By Lazar Dzamic and Justin Kirby are the co-authors of The Definitive Guide to Strategic Content Marketing: Perspectives, Issues, Challenges and Solutions
A spectre is haunting the marketing world, the spectre of Content. Everyone is talking about it, but they are not all saying the same thing – or even talking about the same thing. And that was our starting place. We decided to write a book that focused on the Why of Content rather than the How — not least because the executional intricacies are being discussed online ad nauseam. We wanted to take an unbiased look, warts and all, at the challenges facing brand building in the digital world and the role of Content in it. To reveal, not to judge. To rise above the often-partisan pit fights that Content elicits.

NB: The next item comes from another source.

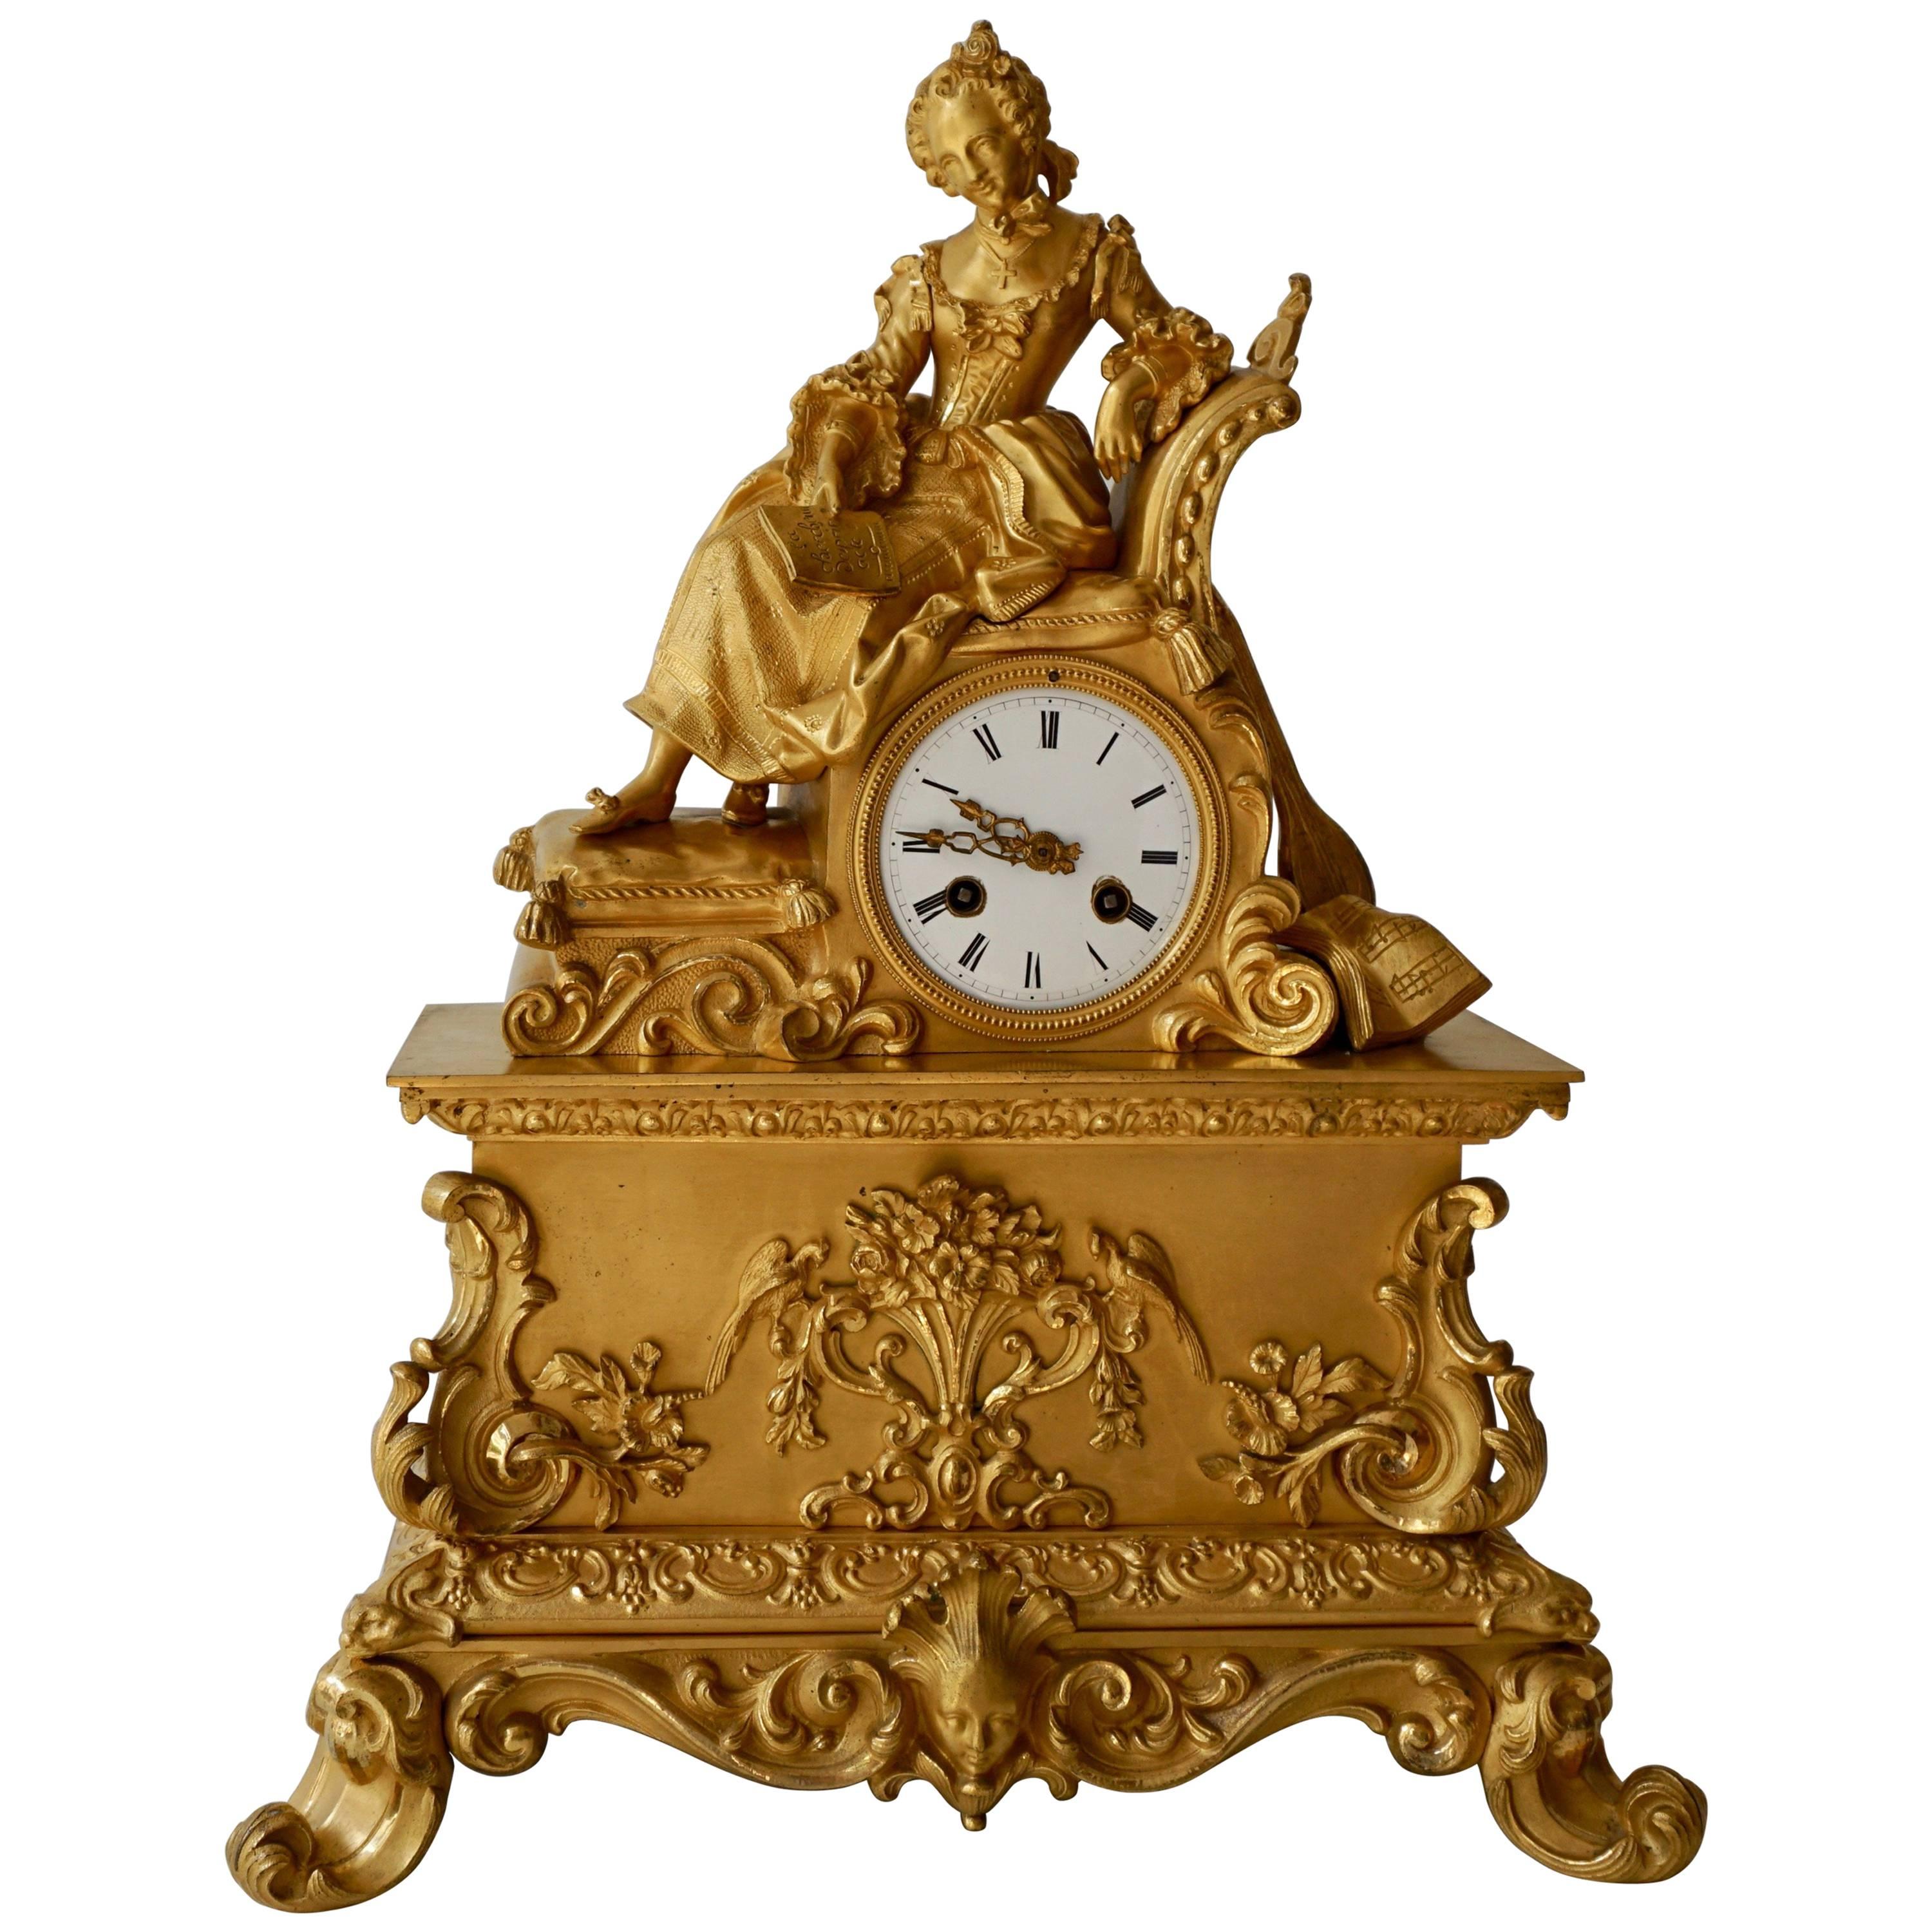 Very Fine and Elegant Fire, Gilt Bronze Mantle Clock in the Romantic Taste
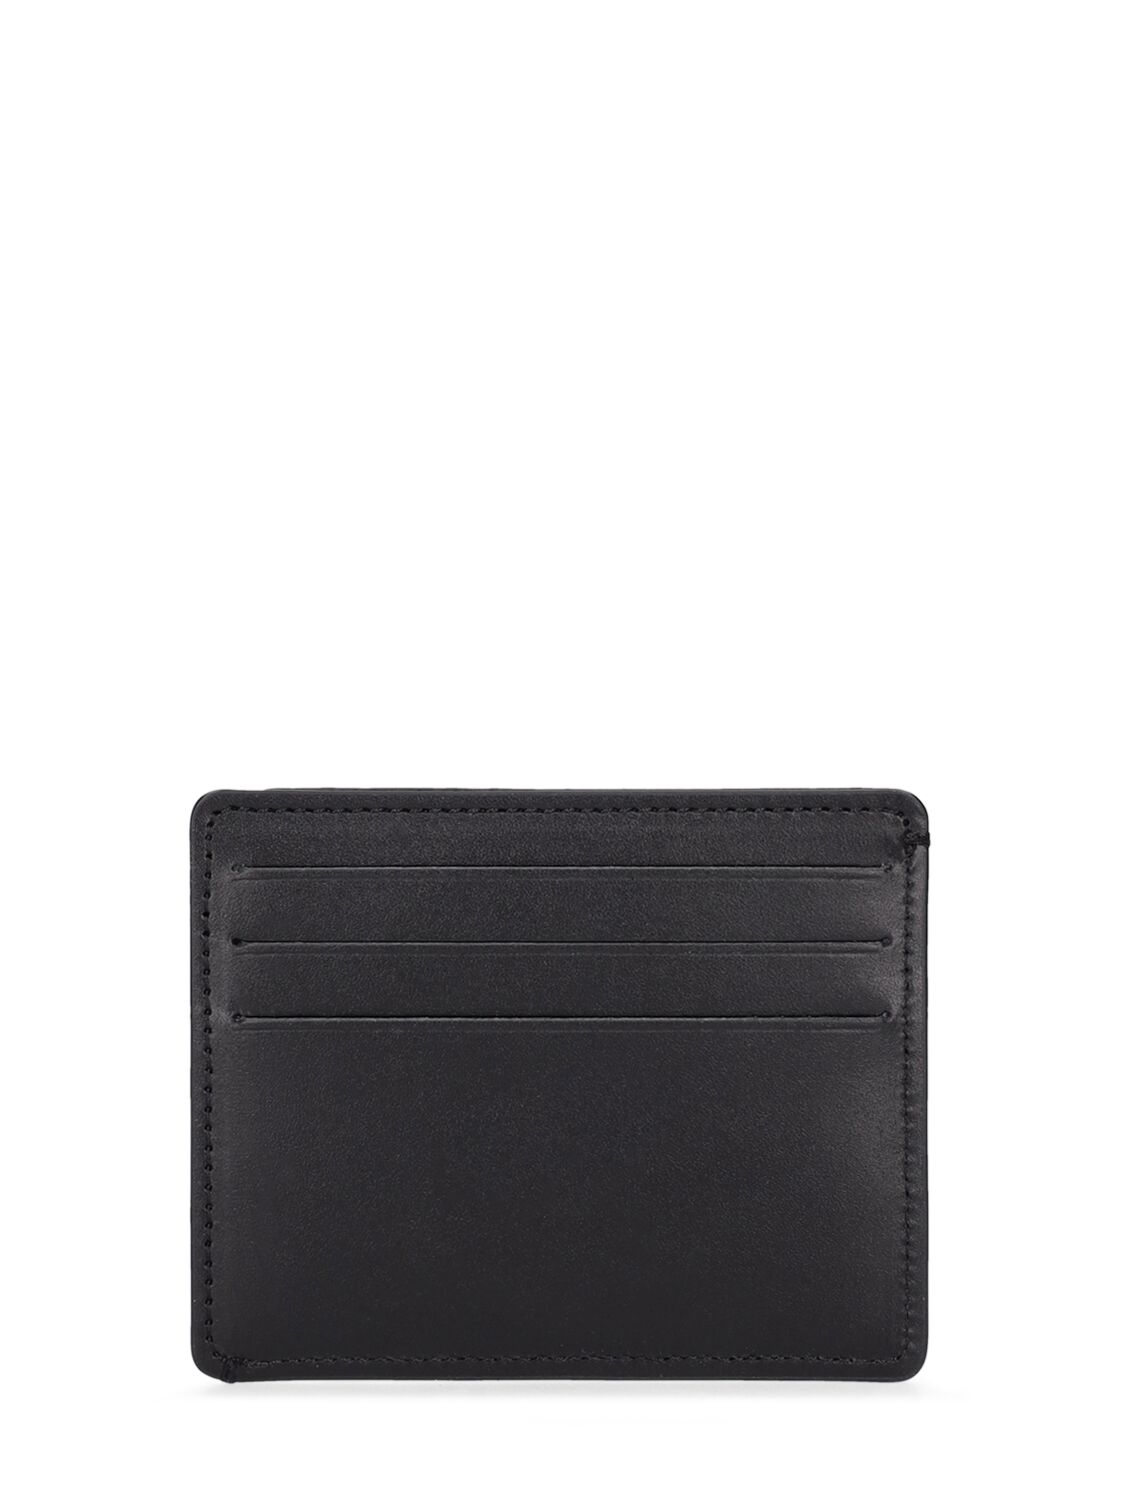 Maison Margiela Grained Leather Card Holder In Black

Inspired by more than 60 leading academics and practitioners we interviewed for the book, more recently we have been helping the Content Marketing Association (CMA) with the agenda for their Summit in London at the end of February. We picked 4 key themes that we think help encapsulate what 2019 holds for content marketing – and beyond:
The Content agency of the future?
Why Content exists in the first place: what is the problem it tries to solve? This is connected to the ways traditional brand building via advertising has been undermined in the digital world. A lot of different players are trying out a lot of different recipes for earning attention online. Who, if anyone, could work across the whole of the customer journey? How to move with different speeds Content requires? How to merge ‘stories’ with ‘systems’, to use the RG/A phrase? And how to be culturally relevant?
Data and technology: delivering value vs. just messages?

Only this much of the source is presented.